Mites (Acarina)

Mites are very small artropods that are barely visible to the naked eye.  Anyone who identifies mites needs a good microscope.  There are several species that feed on mammals or birds and that can occasionally invade homes and bite people and pets. They can bite people anywhere on their body and often where clothes constrict the body such as the waistline.  They usually feed at night and when they hide, they will usually be near heat sources such as around hot water pipes, electrical fixtures and heating ducts.

There are three species that are fairly common in California.
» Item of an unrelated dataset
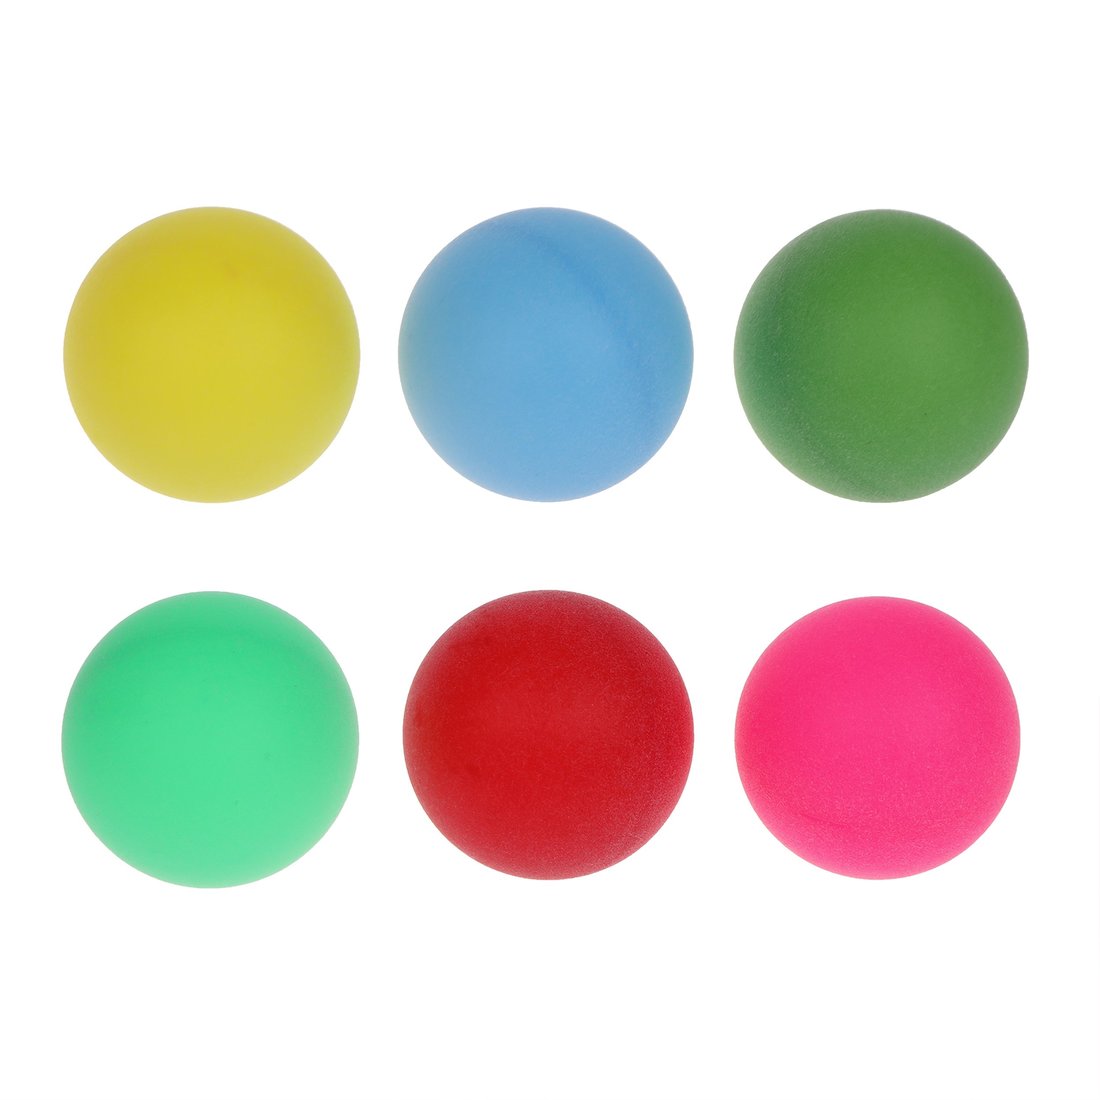 Шарики для настольного тенниса 636179 цветные в наборе 6шт в пакете - Набережные Челны 
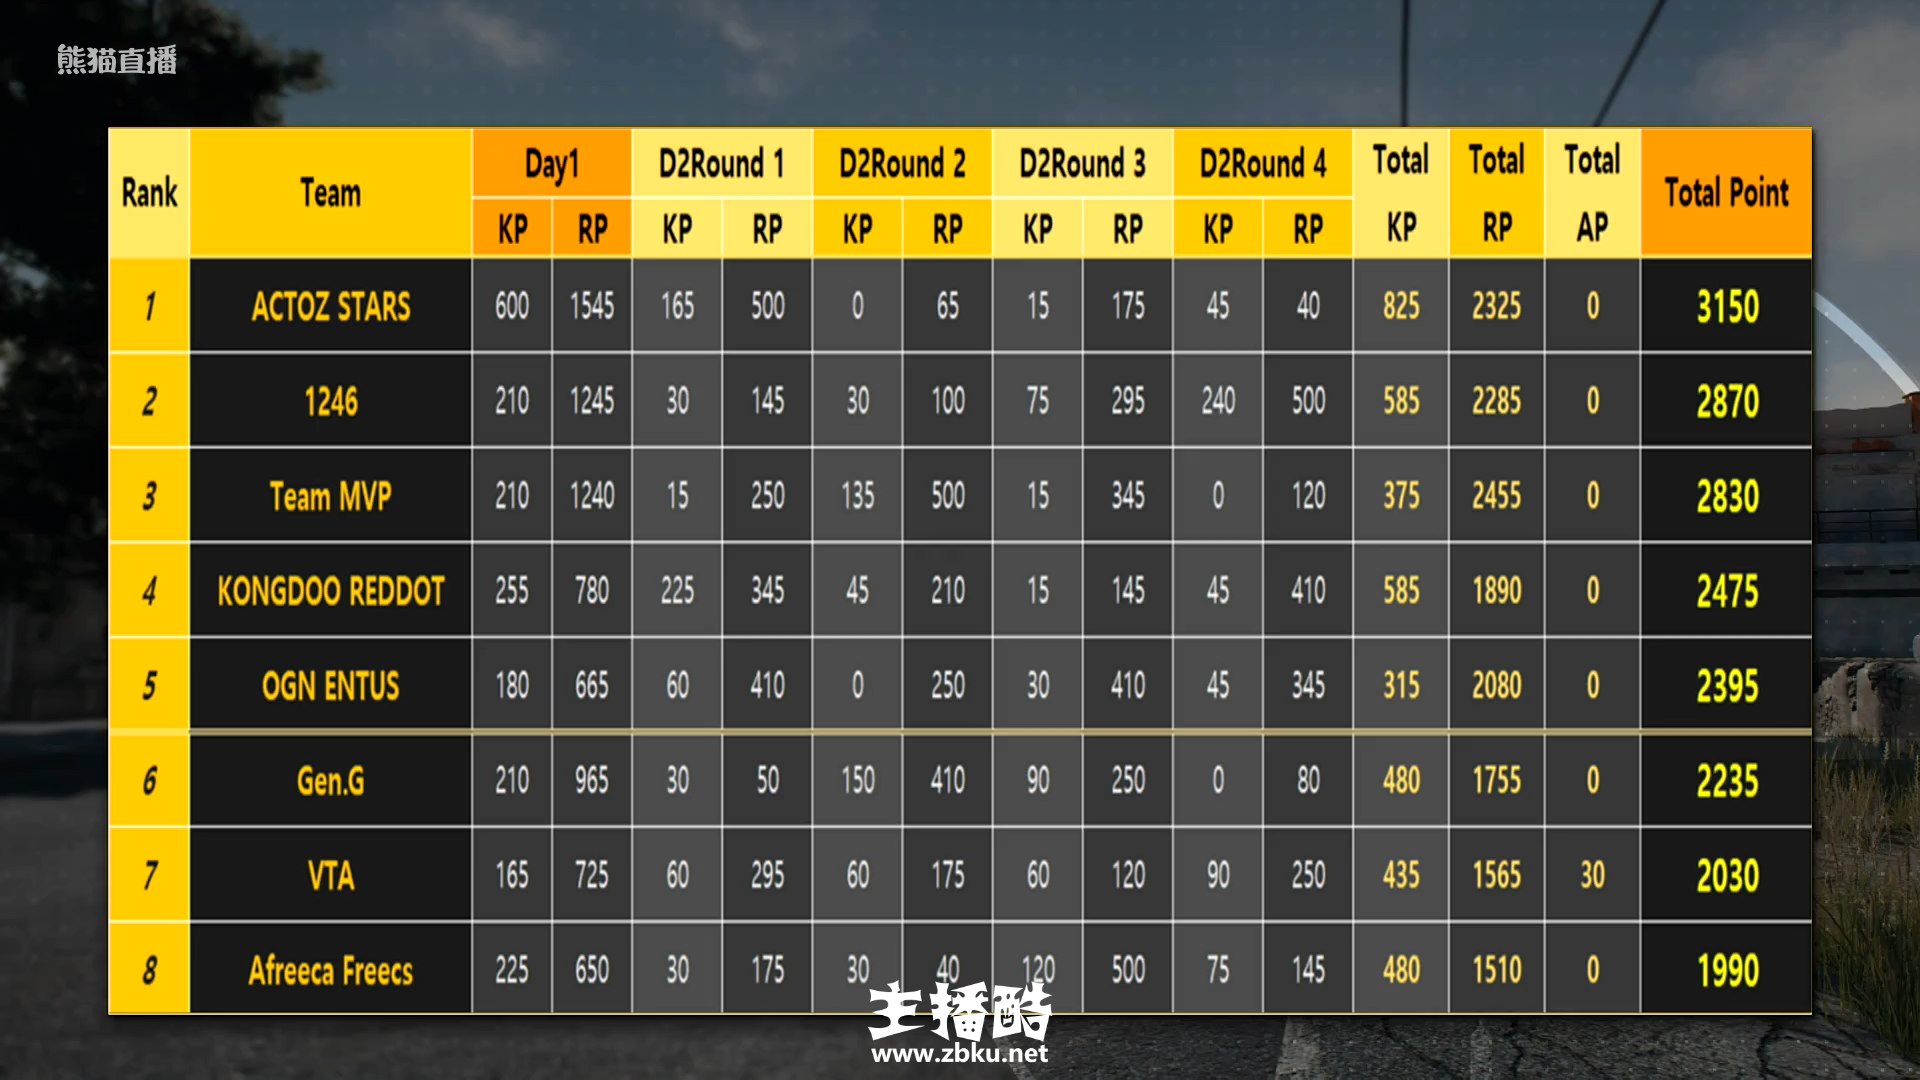 中韩对抗赛FPP积分汇总：ACTOZ获得双冠，1246拿下亚军

Tropical rat mite (Ornithonyssus bacoti)

This mite feeds on rats but will bite people in rodent infested buildings or when rodents are poisoned and the mites leave the dead body.  The bite can cause a painful irritation that can last for a few days, leaving red marks on the skin.  When you scratch the bite area, you can possibly cause a secondary infection.

Northern fowl mite (Ornithonyssus sylviarum)

The northern fowl mite lives on some domestic birds as well as many species of wild birds.  It is commonly found on chickens, sparrows and pigeons.  When a bird dies or leaves the nest, the fowl mites will find their way inside a building and bite the inhabitants.  This can be particularly troublesome of the birds are nesting in an attic.

Chicken mite (Dermanyssus gallinae)

This mite is commonly found on chickens but all feeds on other domestic and wild birds. They can actually migrate from a bird’s nest and invade a home.  Along with chickens, they are commonly found on pigeons, sparrows and starlings, all species that will nest on buildings.

This mite is a parasite of chickens and many other domestic and wild birds. These mites can migrate from the nests of their hosts and invade home. Sparrows, starlings and pigeons are most often the wild birds responsible for household infestations.